Material for this task section start

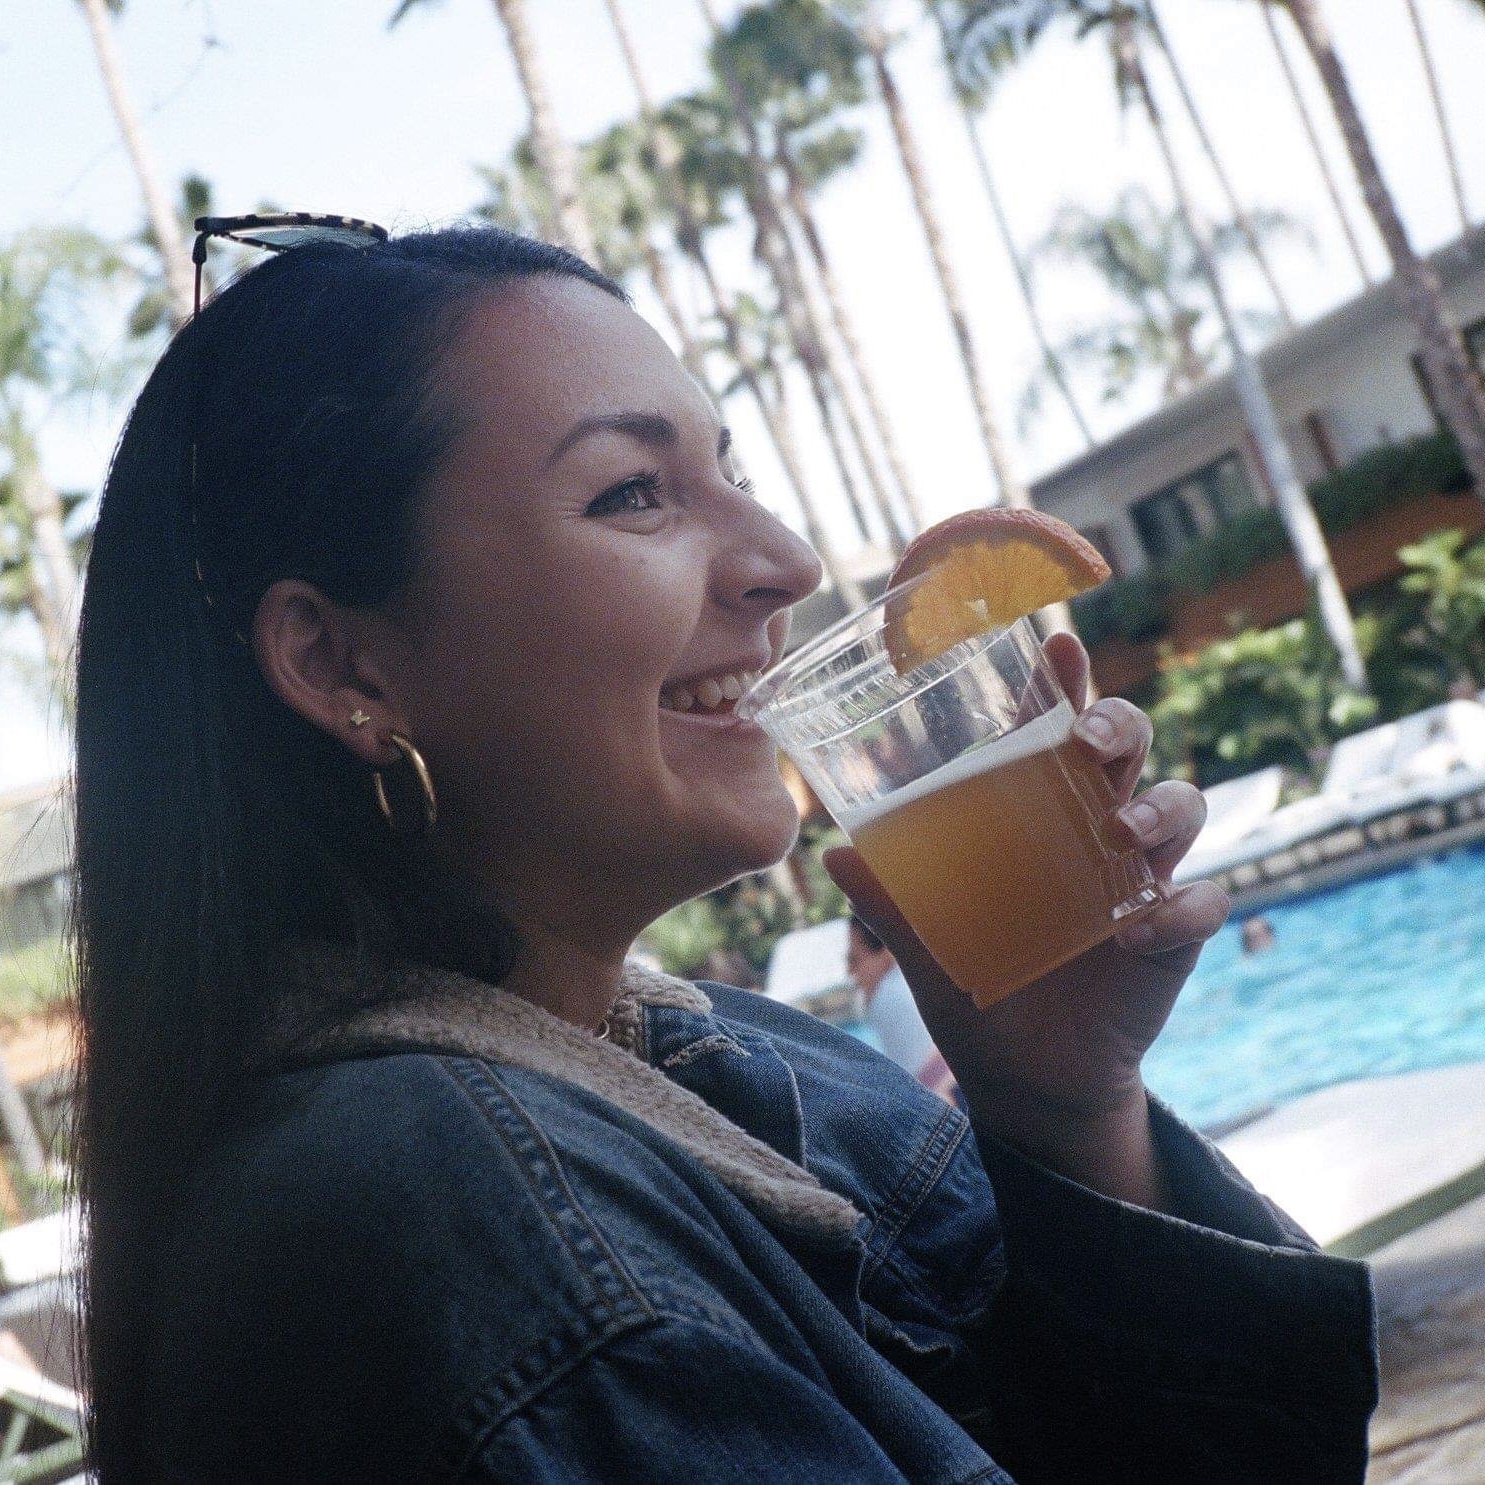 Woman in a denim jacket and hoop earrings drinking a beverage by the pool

Material for this task section end
Material for this task section start

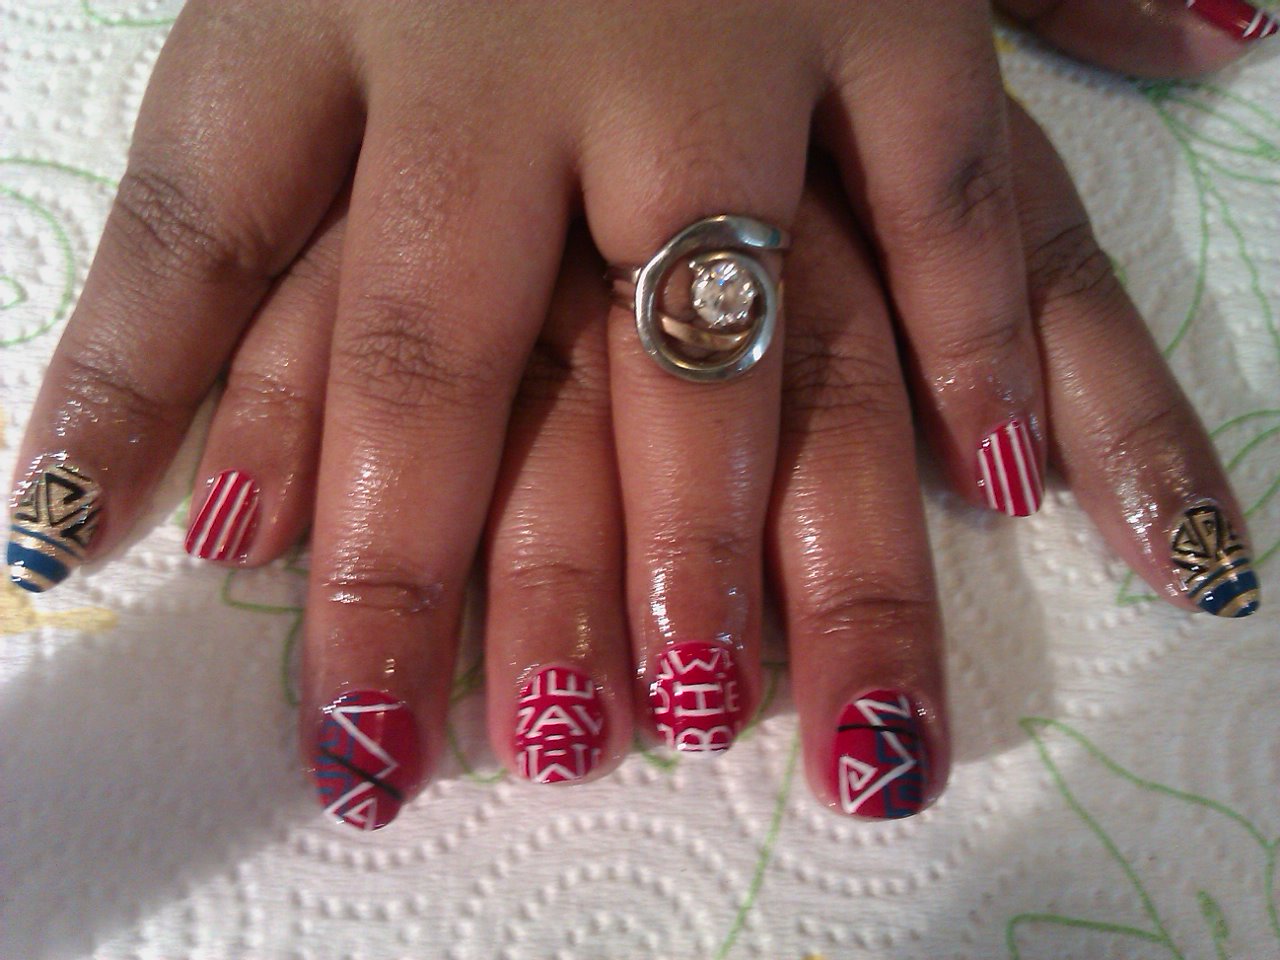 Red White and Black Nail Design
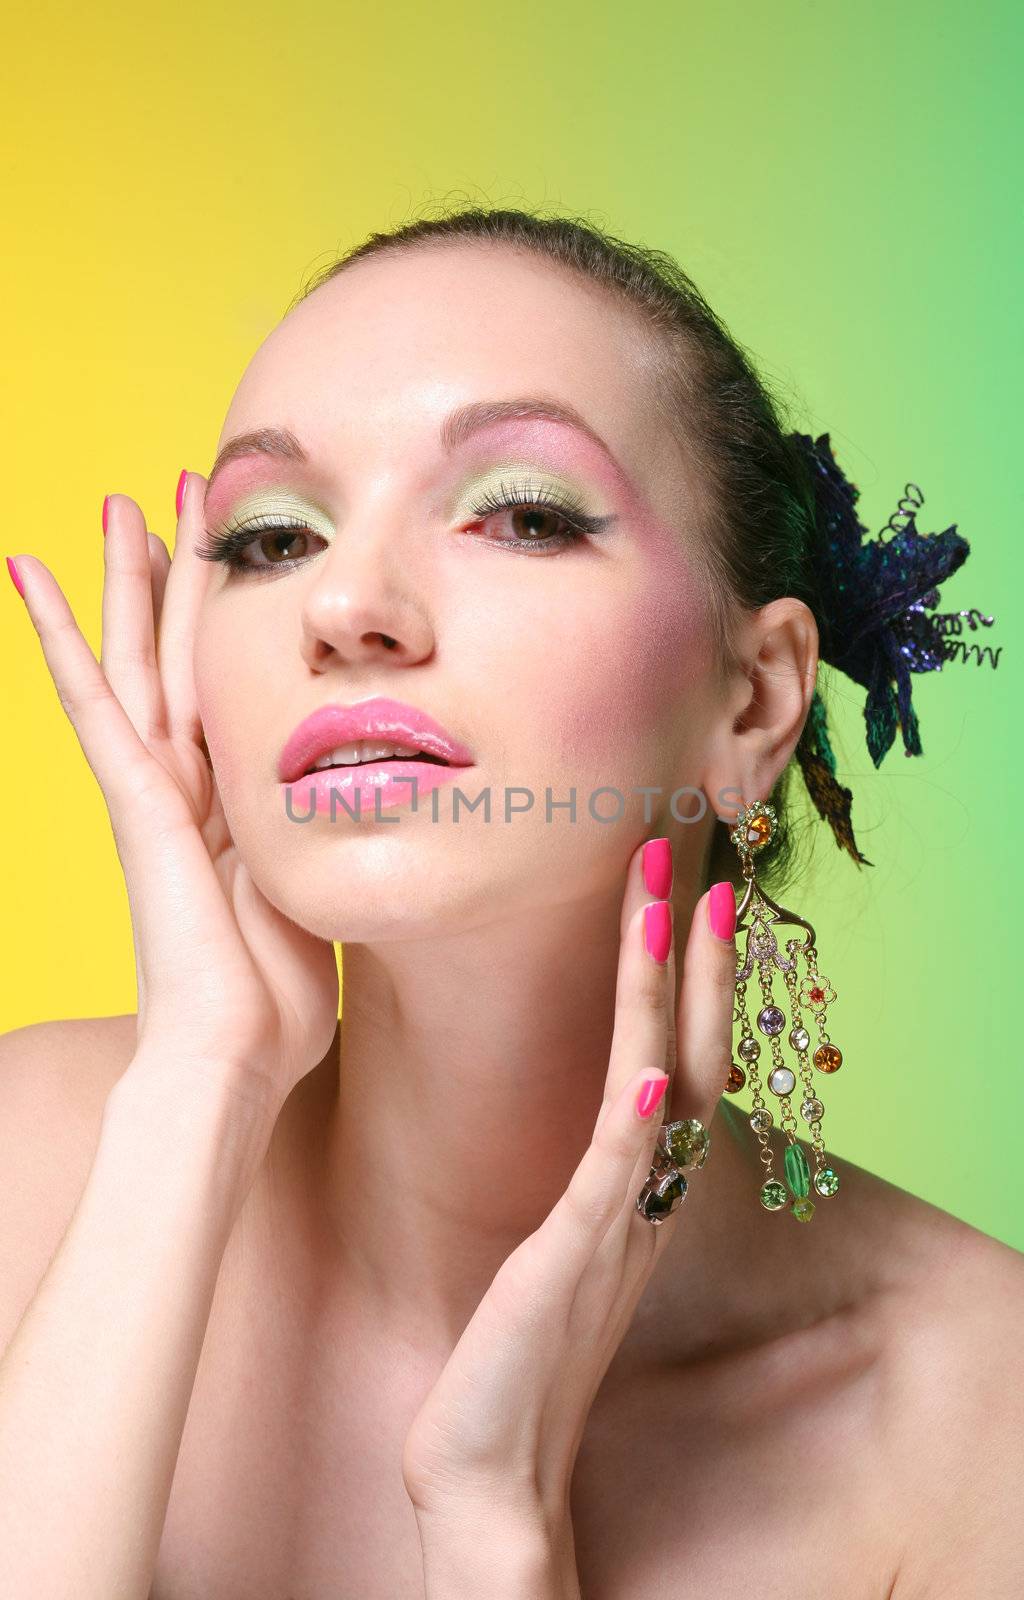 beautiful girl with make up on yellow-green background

Material for this task section end

- [What needs to be done]
Above are the records; copy exactly the lines from the one with "Red White and Black Nail Design" through the one with "beautiful girl with", including both, and nothing more. Leave out pictures.

- [Exercise output]
 Red White and Black Nail Design
 beautiful girl with make up on yellow-green background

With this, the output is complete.